The sched:sched_stat_{wait, sleep, iowait, blocked} tracepoints can
be used to trace RT tasks as well.
The output of these tracepoints for a RT tasks as follows,
- blocked & iowait
kworker/48:1-442 [048] d... 539.830872: sched_stat_iowait: comm=stress pid=10461 delay=158242 [ns]
kworker/48:1-442 [048] d... 539.830872: sched_stat_blocked: comm=stress pid=10461 delay=158242 [ns]
- wait
stress-10460 [001] dN.. 813.965304: sched_stat_wait: comm=stress pid=10462 delay=99997536 [ns]
stress-10462 [001] d.h. 813.966300: sched_stat_runtime: comm=stress pid=10462 runtime=993812 [ns] vruntime=0 [ns]
[...]
stress-10462 [001] d.h. 814.065300: sched_stat_runtime: comm=stress pid=10462 runtime=994484 [ns] vruntime=0 [ns]
[ totally 100 times of sched_stat_runtime for pid 10462]
[ The delay of pid 10462 is the sum of above runtime ]
stress-10462 [001] dN.. 814.065307: sched_stat_wait: comm=stress pid=10460 delay=100001089 [ns]

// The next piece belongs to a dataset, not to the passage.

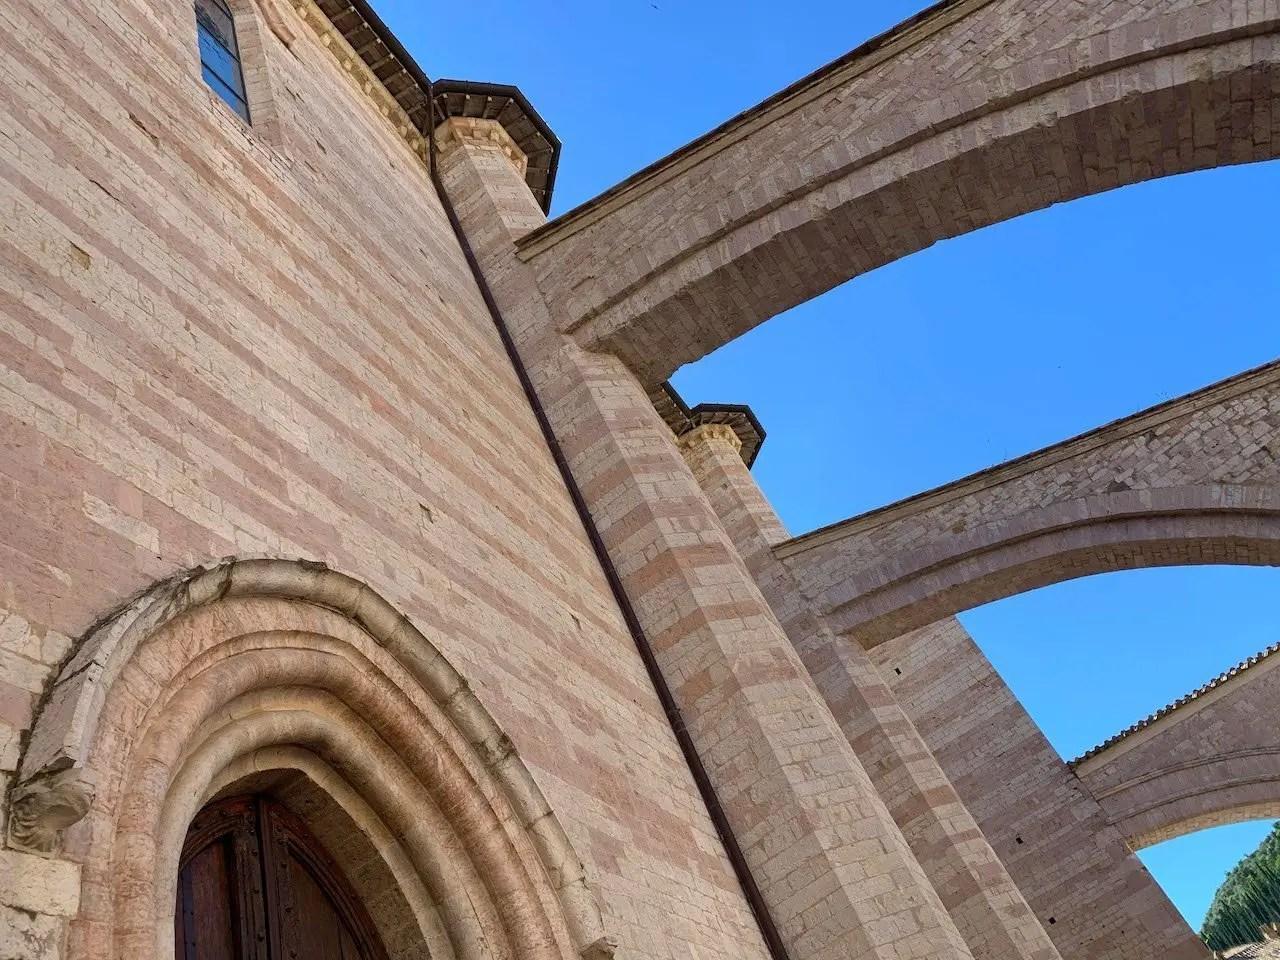 chiese di Assisi

stress-10460 [001] d.h. 814.066299: sched_stat_runtime: comm=stress pid=10460 runtime=991934 [ns] vruntime=0 [ns]
- sleep
sleep-15582 [041] dN.. 1732.814348: sched_stat_sleep: comm=sleep.sh pid=15474 delay=1001223130 [ns]
sleep-15584 [041] dN.. 1733.815908: sched_stat_sleep: comm=sleep.sh pid=15474 delay=1001238954 [ns]
[ In sleep.sh, it sleeps 1 sec each time. ]
Signed-off-by: Yafang Shao <[email protected]>
---
kernel/sched/rt.c | 134 +++++++++++++++++++++++++++++++++++++++++++++-
1 file changed, 133 insertions(+), 1 deletion(-)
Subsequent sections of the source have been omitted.